In my experience, it’s quite unusual to see Legal Aid pursue cases having no potential merit – they are so incredibly resource-poor, that it’s quite difficult to get them to take an actual case, at all. It could be that although you view $600 as piddly, it was a fair amount of money for the plaintiff, and the Legal Aid attorney viewed the merits as strong even if small. (Could it have settled for $600 at the outset?)

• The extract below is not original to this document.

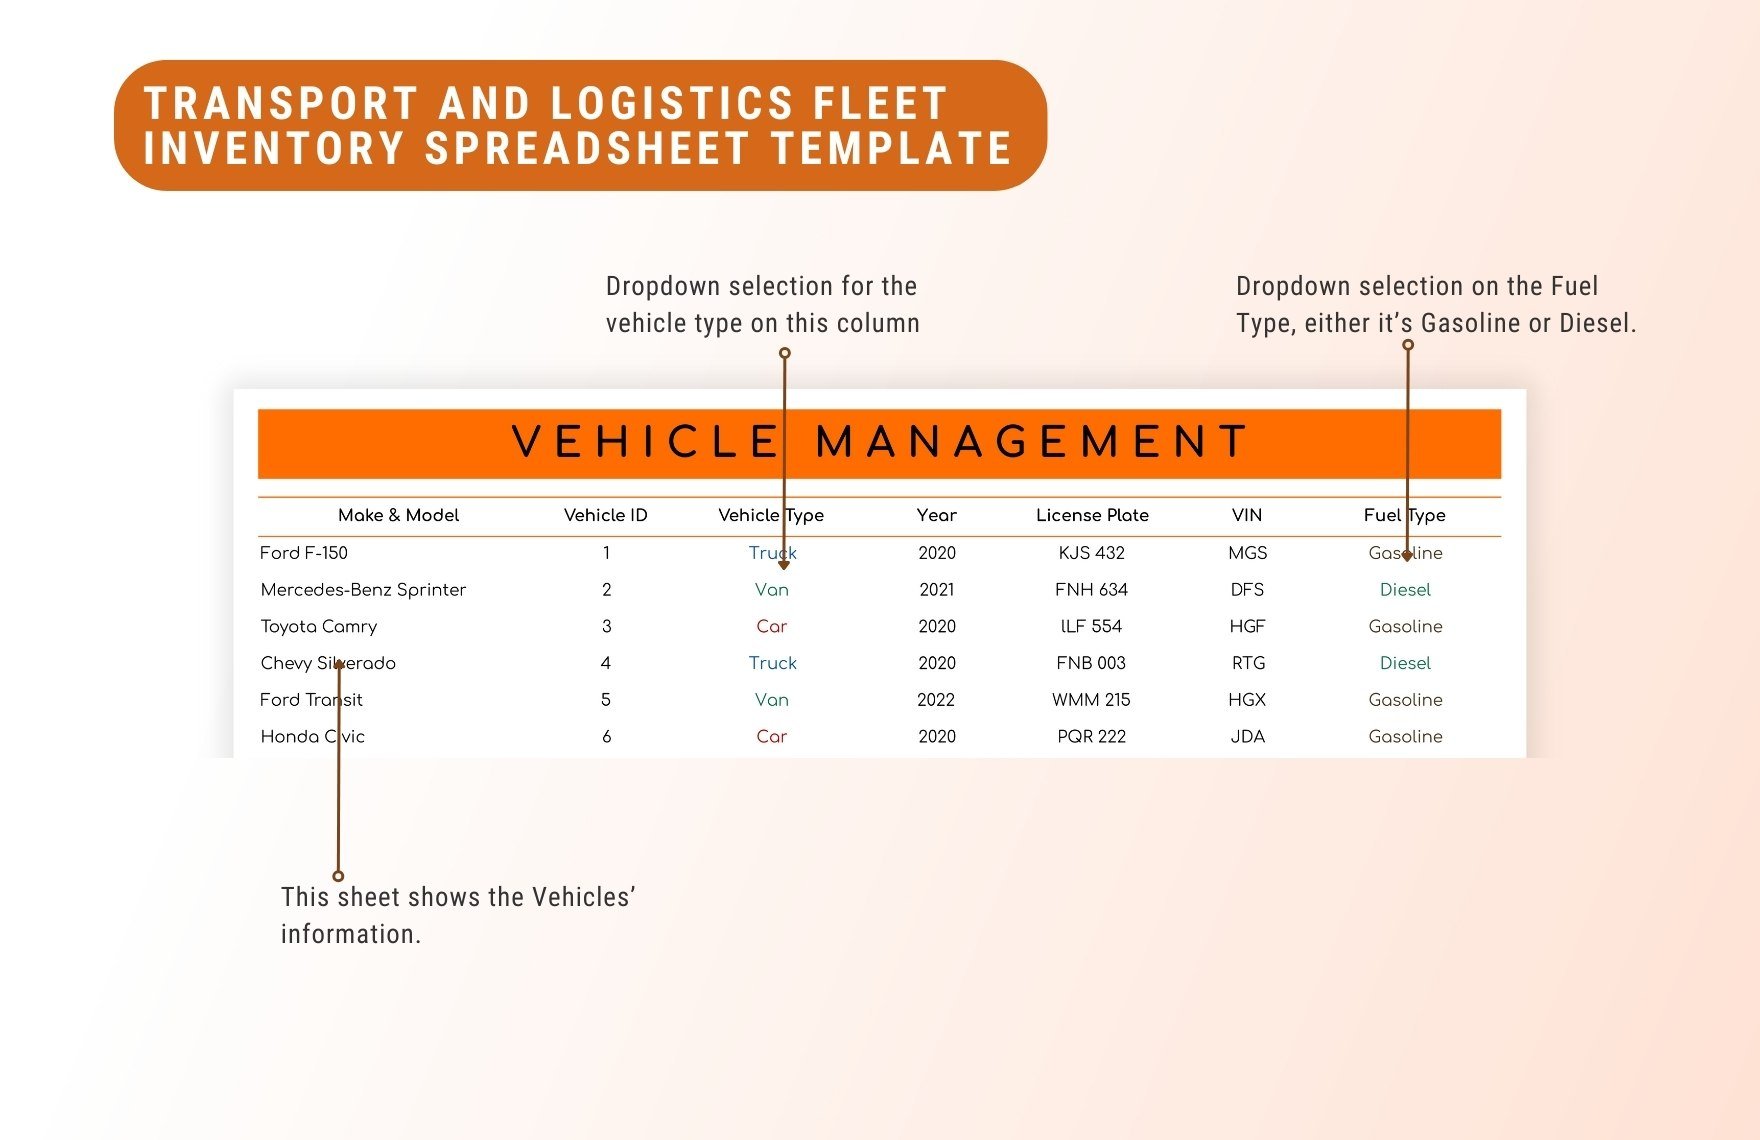 Transport and Logistics Fleet Inventory Spreadsheet Template

Finally, in my experience, a lawyer can drag out a case and artificially build up billable hours only if they have a combative client who is willing to support that – a client’s reaction to your bill is a quite effective curb on too much over-enthusiasm by an attorney. In the instance of contingency fee cases (which are not billing by the hour), the likelihood of a recovery sufficient to pay them for their time is a similar curb. They are, after all, doing this as a business, and most are reasonably competent business people.

I understand that you are referring to an instance where the plaintiff is not actually paying the attorney, but again, my sense is that Legal Aid is so overwhelmed by the demand as compared to their resources, that they are not very likely to overkill a small case – I could be wrong there, but it would certainly be unusual.

You’ve raised some very important points in an extremely important area that gets far too little attention – perhaps because most people simply don’t understand it or its importance.

It’s a good discussion to have. That said, we are barely scratching the surface. It needs much more public involvement and attention, but everyone’s so busy living their lives that I’m not sure it will ever get it.